THE PROBLEM
Pictures stay out; print the rest of the listing below exactly as it stands.

DATA EXCERPT

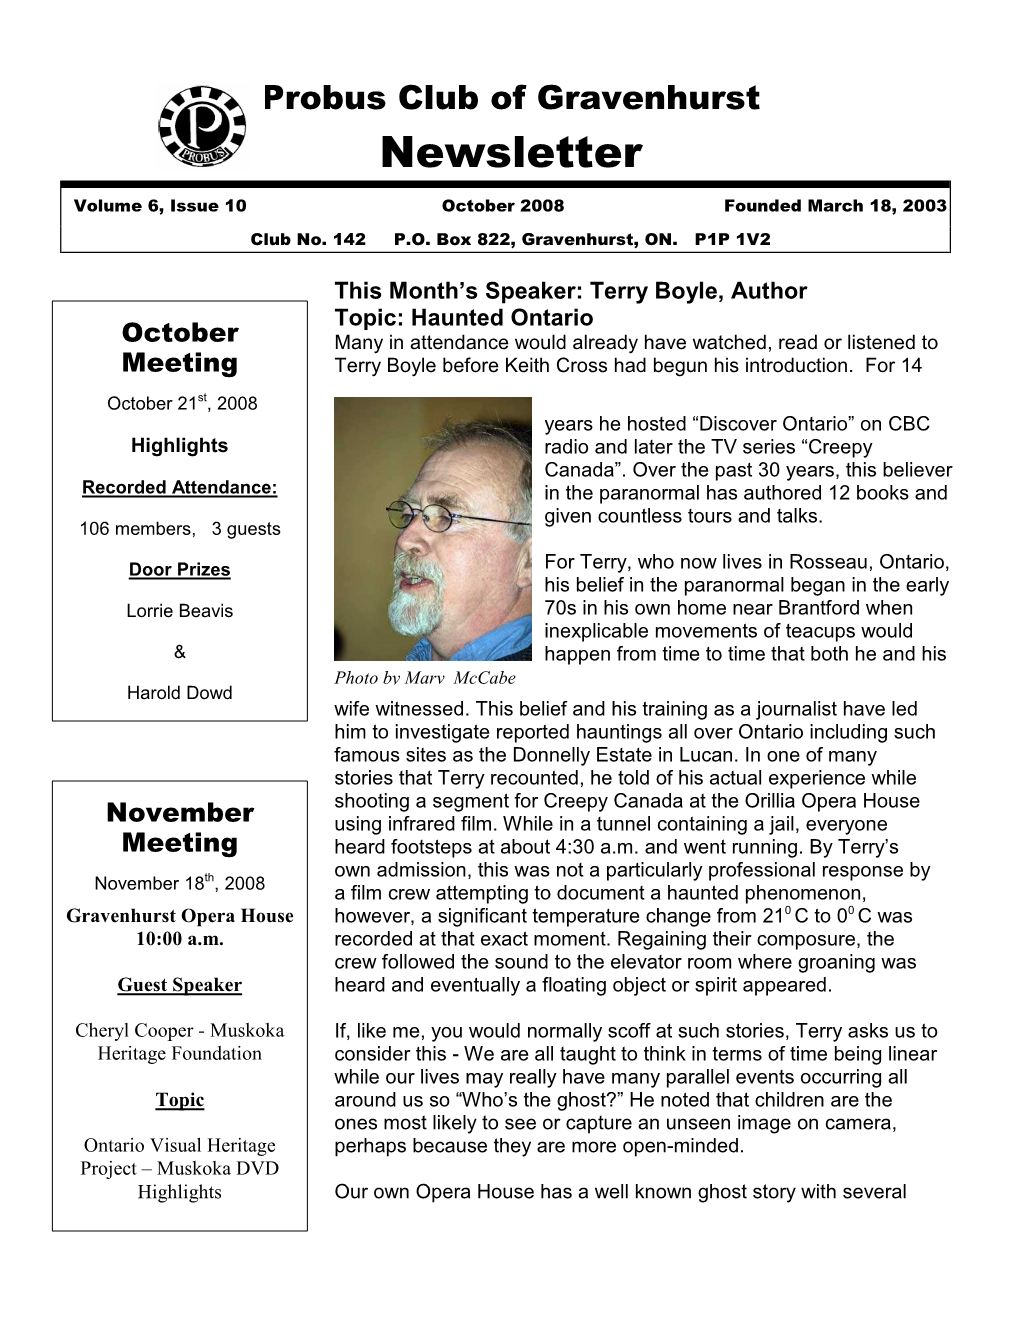 Probus Newsletter-October 2008
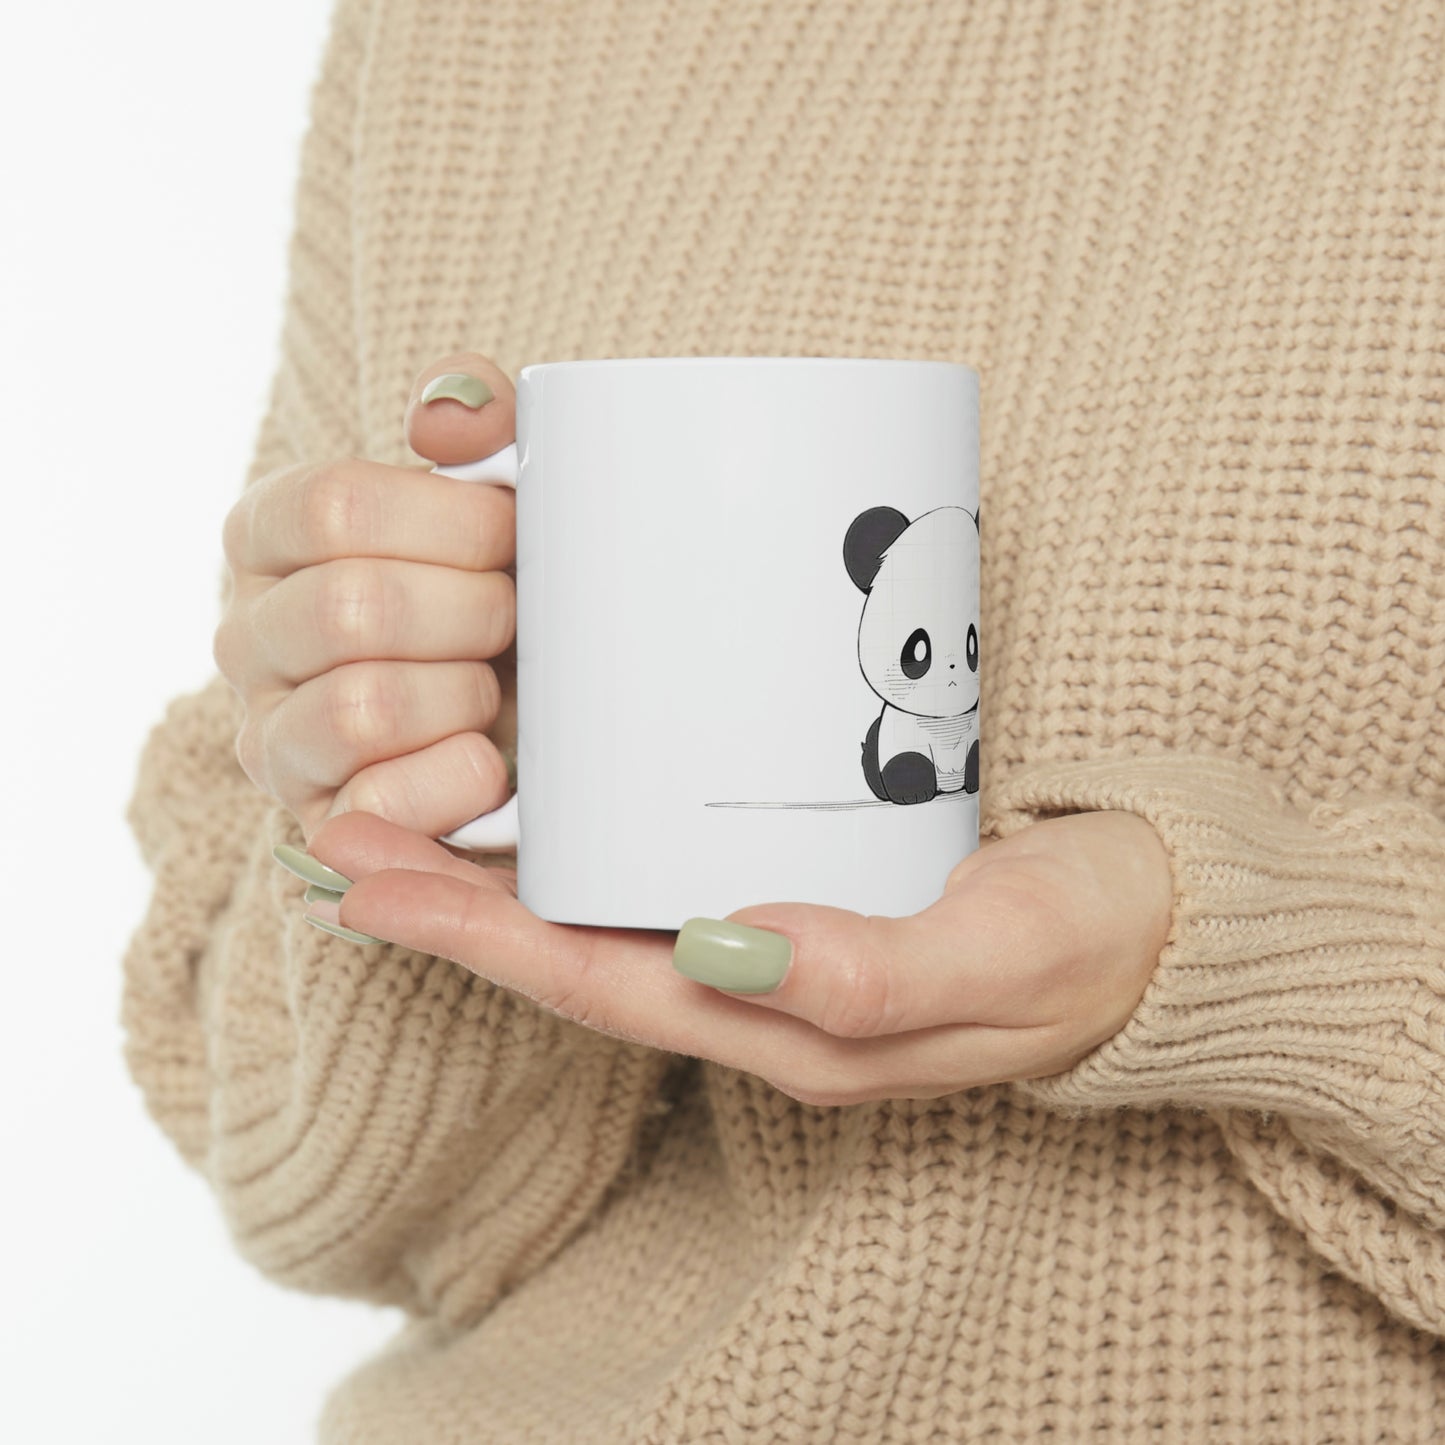 Cute Little Panda Ceramic Mug 11oz - Perfect for Coffee, Tea, and Hot Chocolate
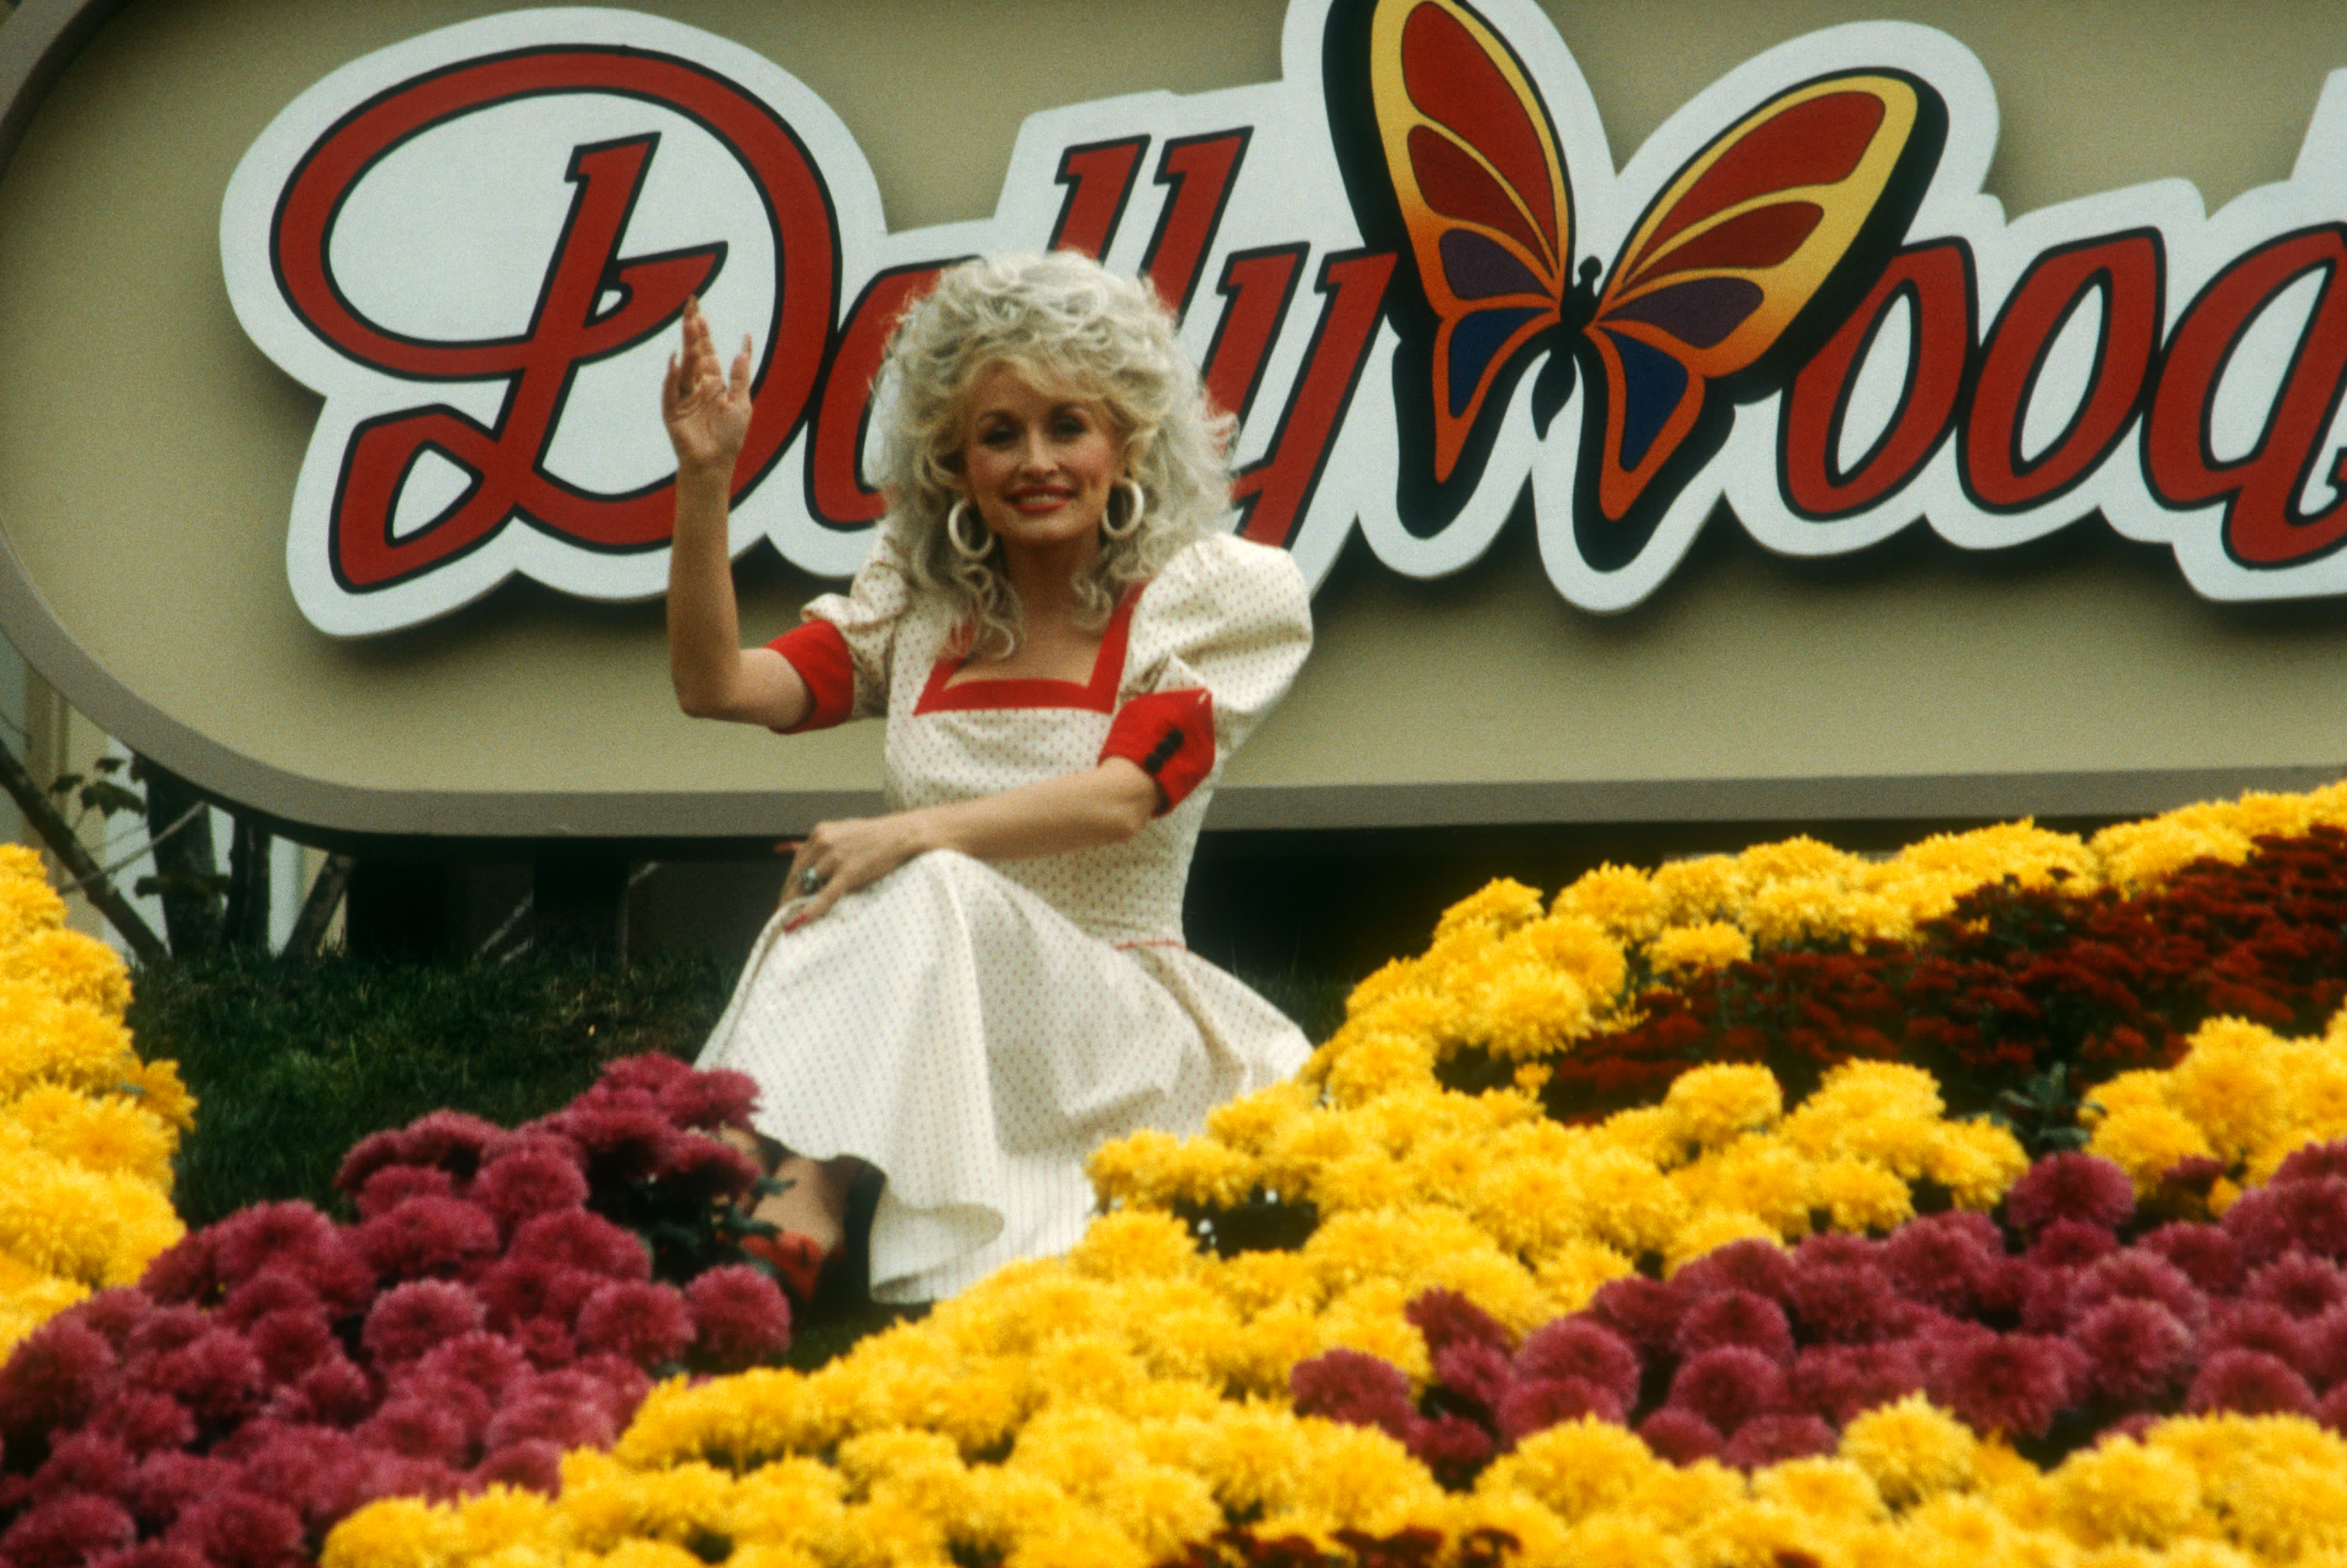 Photos: Dolly Parton's Dollywood theme park opened new Wildwood Grove3995 x 2669
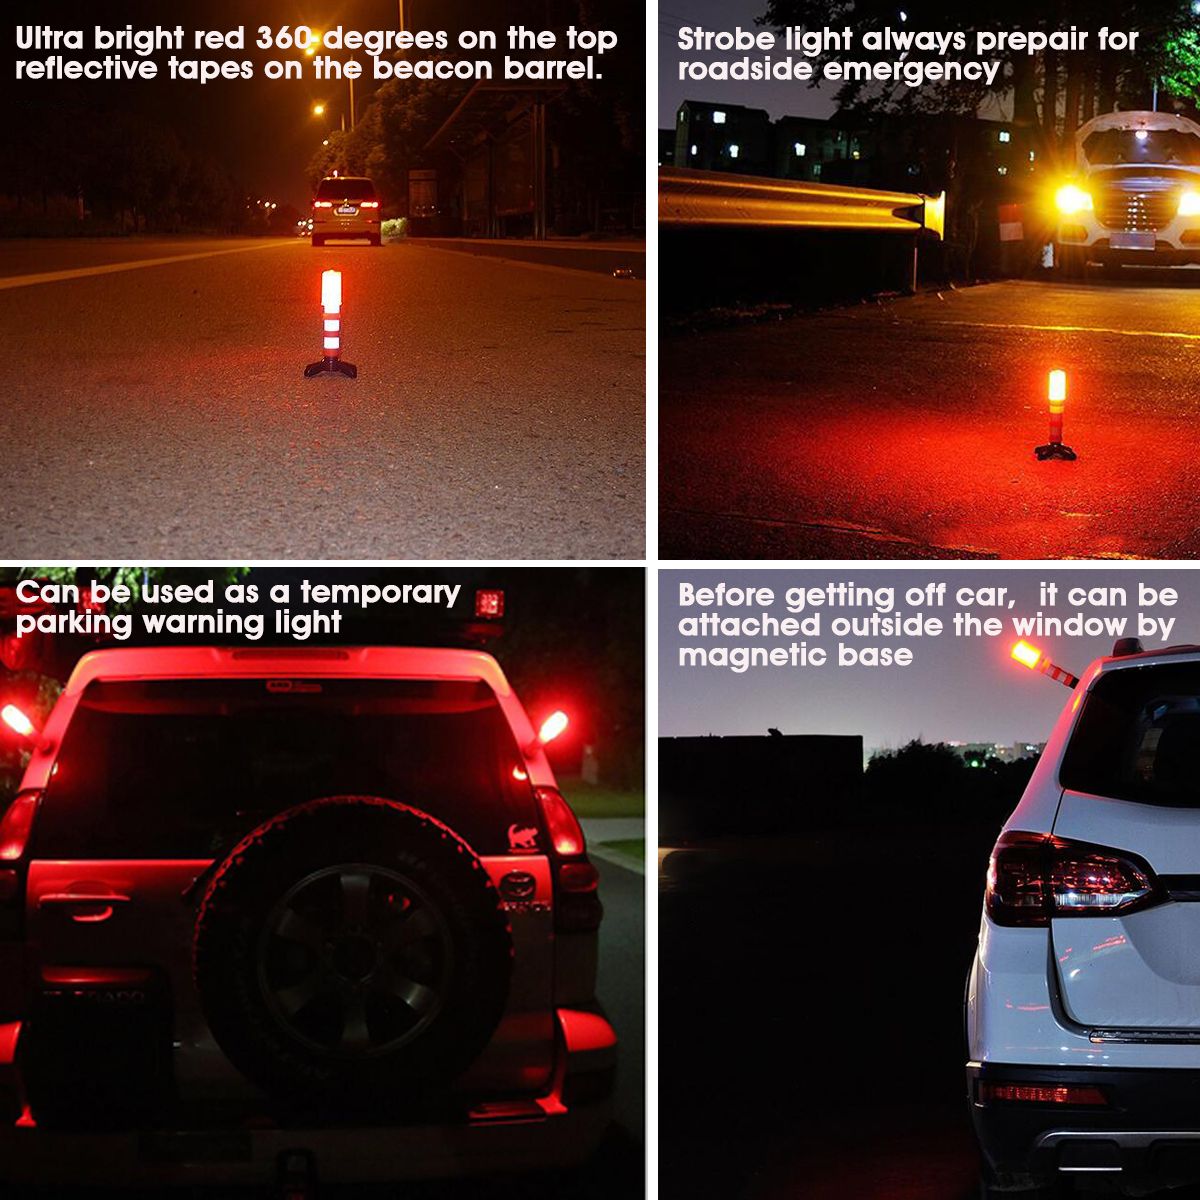 2PCS-LED-Car-Emergency-Warning-Light-Roadside-Flash-Flares-Beacon-Safety-Strobe-Lamp-with-Magnet-Bas-1644587

WRITTEN ANSWER
 Probus Newsletter-October 2008
 Cute Little Panda Ceramic Mug 11oz - Perfect for Coffee, Tea, and Hot Chocolate
 Photos: Dolly Parton's Dollywood theme park opened new Wildwood Grove3995 x 2669
 2PCS-LED-Car-Emergency-Warning-Light-Roadside-Flash-Flares-Beacon-Safety-Strobe-Lamp-with-Magnet-Bas-1644587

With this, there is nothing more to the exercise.